Week 6 Data Dive

# Load libraries
library(dplyr)
library(ggplot2)
library(tidyr)
library(scales)

Airline_Delay_Post_COVID_2021_2023 <- read.csv("Airline_Delay_Post_COVID_2021_2023.csv")
df <- Airline_Delay_Post_COVID_2021_2023

I created four new variables:

1. total_delay_minutes — the sum of all five delay cause categories (carrier, weather, NAS, security, and late aircraft), giving a single comprehensive measure of total delay burden per observation.

2. delay_pct — the percentage of flights delayed more than 15 minutes, calculated as (arr_del15 / arr_flights) * 100. Using a percentage instead of a raw count avoids unfairly penalizing airlines that simply operate more flights.

3. avg_carrier_delay — the average delay in minutes per carrier-caused delay event (carrier_delay / carrier_ct). This normalizes carrier delay by frequency so we can compare the severity of each event rather than just how many occurred. Observations where carrier_ct is zero are assigned NA to avoid division by zero.

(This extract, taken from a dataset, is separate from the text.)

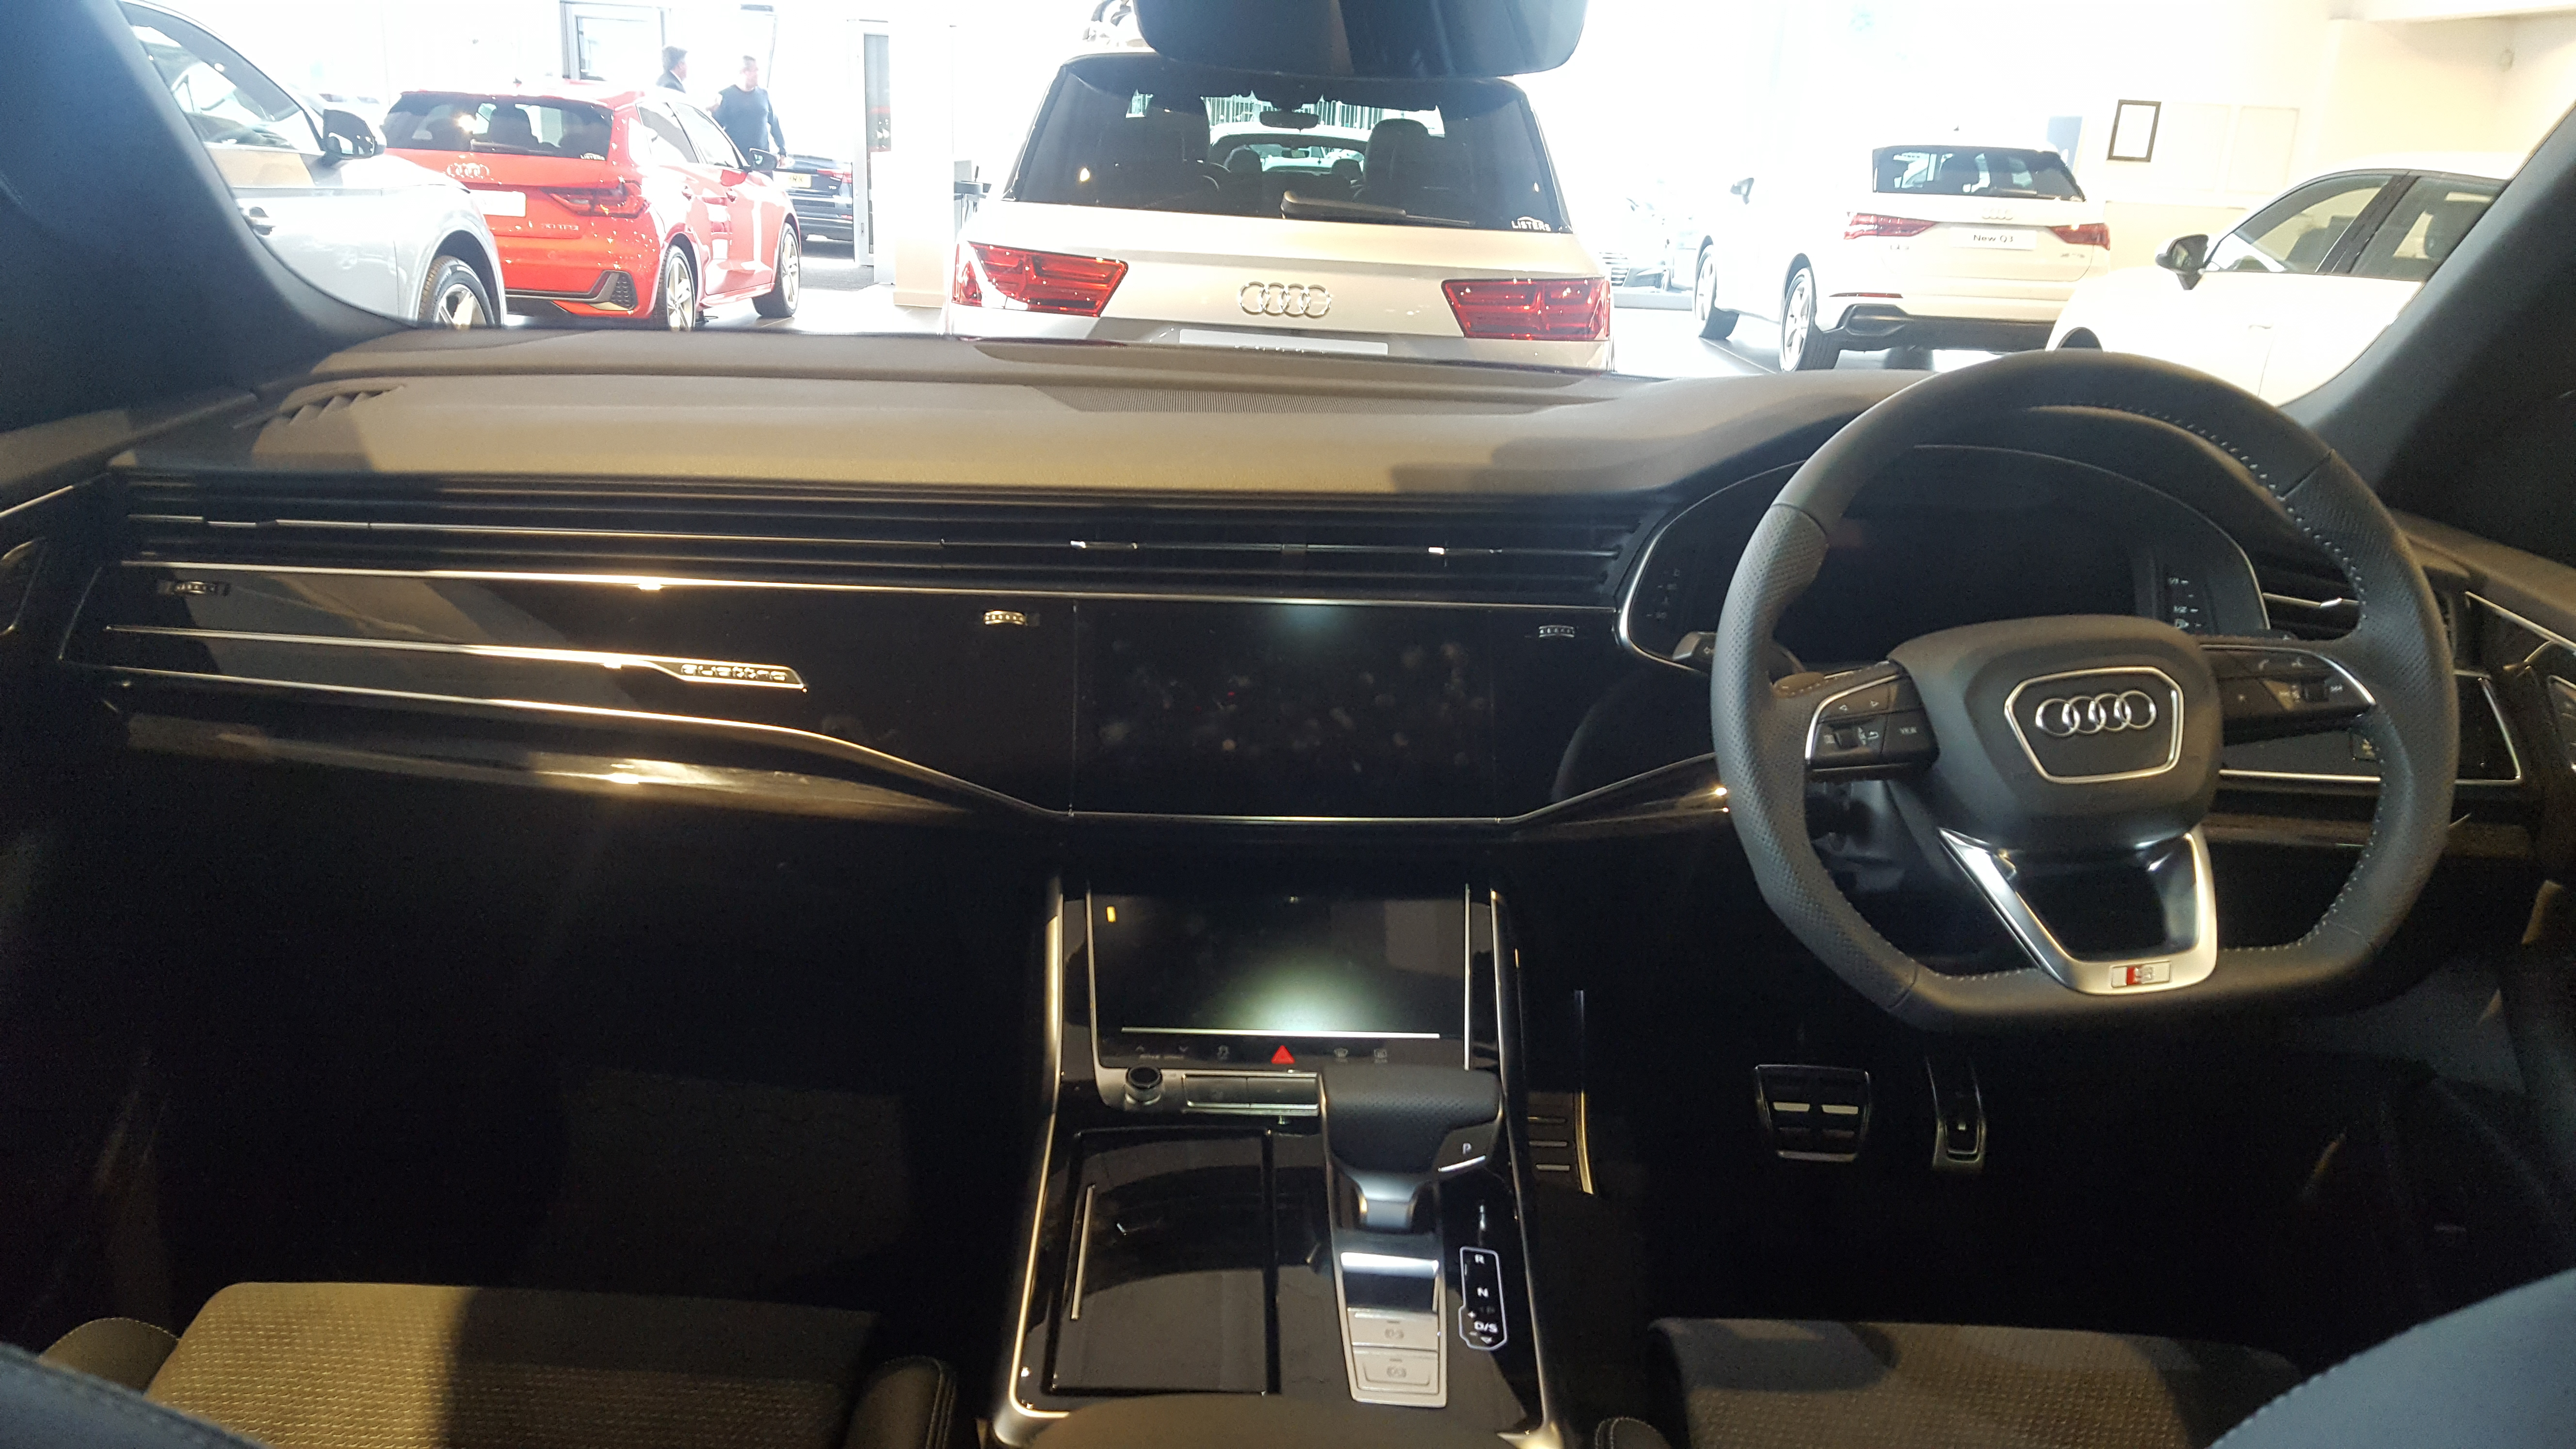 File 2019 Audi Q8 Tdi Quattro 50 Interior Jpg Wikimedia Commons
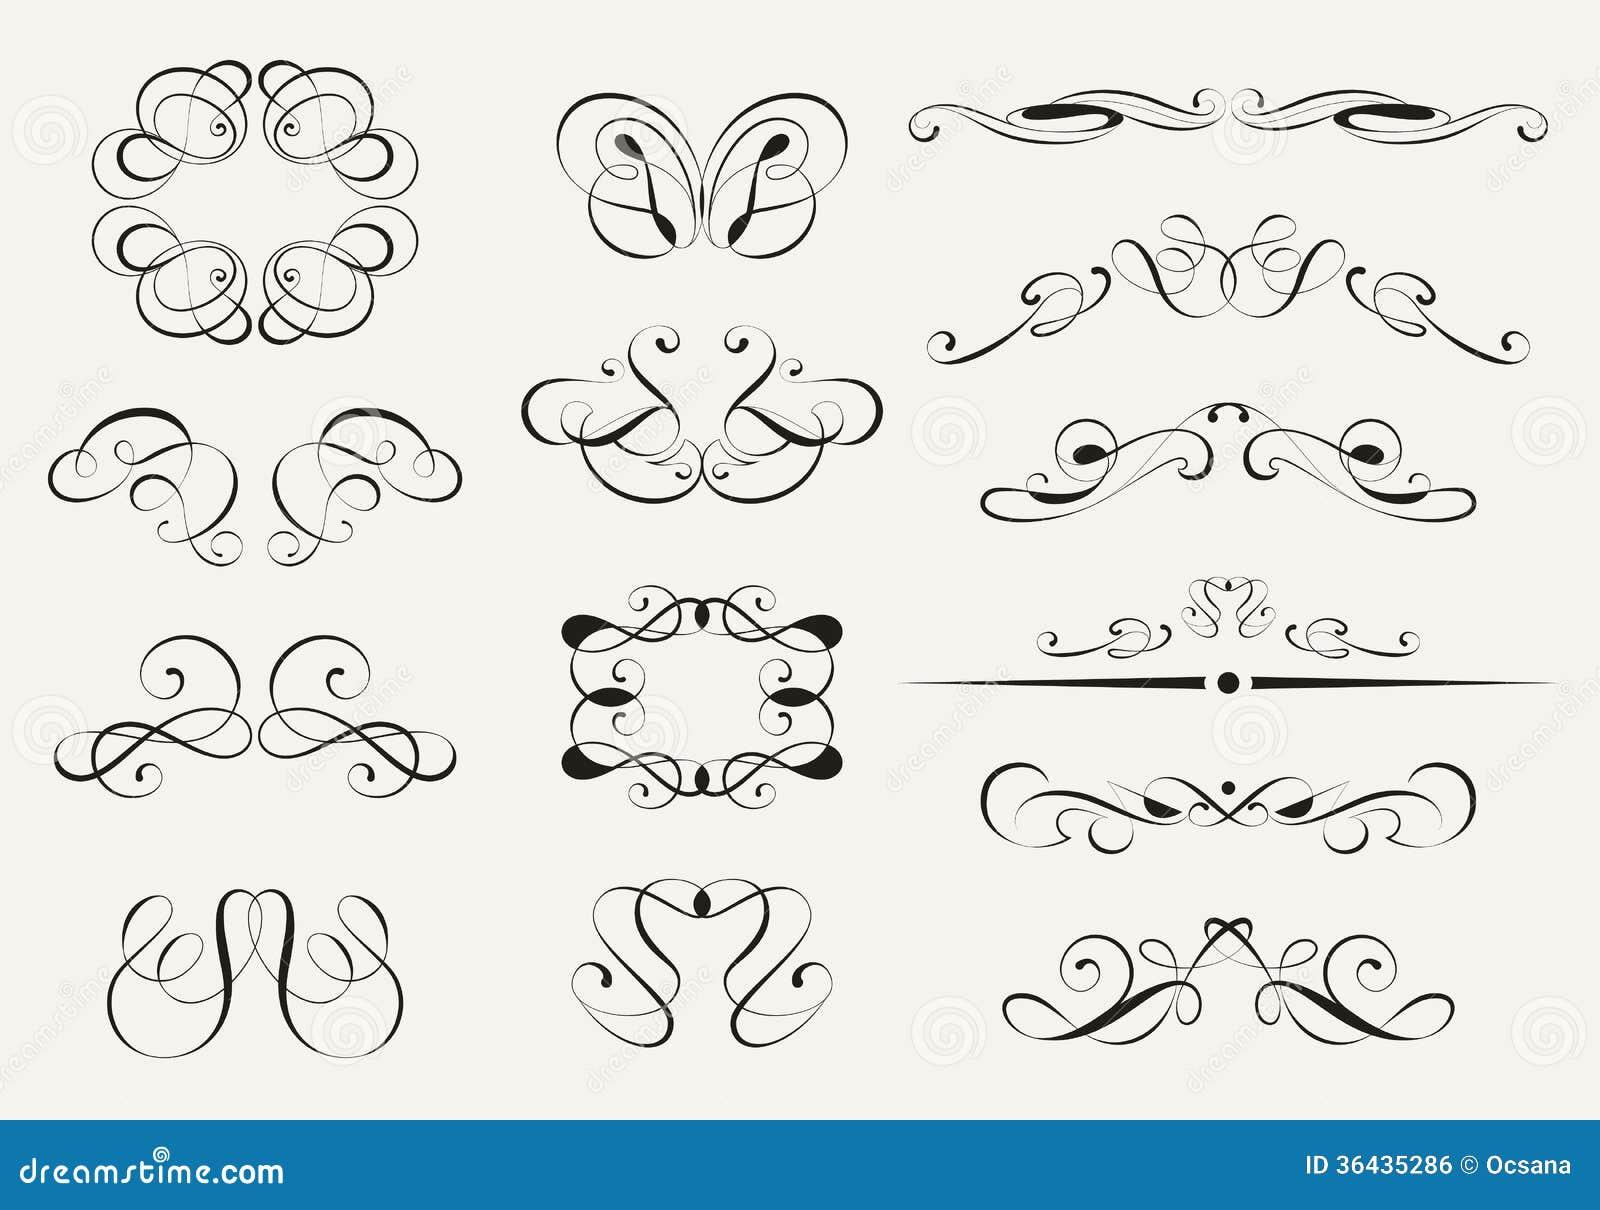 Calligraphy set royalty free stock image

4. delay_rate — the proportion of arriving flights delayed 15+ minutes (arr_del15 / arr_flights). This serves as the response variable in Pair 2 and captures airline reliability as passengers experience it.

df <- df %>%
  mutate(
    total_delay_minutes = carrier_delay + weather_delay +
      nas_delay + security_delay + late_aircraft_delay,
    delay_pct           = (arr_del15 / arr_flights) * 100,
    avg_carrier_delay   = ifelse(carrier_ct > 0,
                                  carrier_delay / carrier_ct,
                                  NA),
    delay_rate          = arr_del15 / arr_flights
  )

These new variables help us compare airlines more fairly. For example, using percentages instead of raw counts avoids unfairly penalizing airlines that operate more flights.

---

Pair 1: Total Flights vs Total Delay Minutes

Variables for analysis:
Explanatory variable (X): arr_flights - original column
Response variable (Y): total_delay_minutes - created variable

This direction is appropriate because the number of flights logically influences the total amount of delay minutes accumulated.

Visualization

ggplot(df, aes(x = arr_flights, y = total_delay_minutes)) +
  geom_point(alpha = 0.2, size = 1.2, color = "steelblue") +
  scale_x_continuous(labels = scales::comma) +
  scale_y_continuous(labels = scales::comma) +
  labs(
    title    = "Number of Arriving Flights vs Total Delay Minutes",
    subtitle = "Each point = one carrier–airport–month observation (2021–2023)",
    x        = "Number of Arriving Flights",
    y        = "Total Delay Minutes"
  ) +
  theme_minimal(base_size = 15)

The scatterplot shows a strong positive relationship: as the number of arriving flights increases, total delay minutes also increase. The pattern appears approximately linear, supporting the use of Pearson’s correlation coefficient. Variability is slightly higher for large hubs, but the linear trend still holds.

A few high-volume airports have extreme total delay minutes, but they follow the overall trend and do not distort the linear relationship.

Correlation

r1 <- cor(df$arr_flights, df$total_delay_minutes, use = "complete.obs")
cat("Pearson r (arr_flights vs total_delay_minutes):", round(r1, 4))

## Pearson r (arr_flights vs total_delay_minutes): 0.9004

The correlation is strong and positive (r ≈ 0.90), confirming the nearly linear pattern observed in the scatterplot. This indicates that total delay minutes are largely driven by operational volume.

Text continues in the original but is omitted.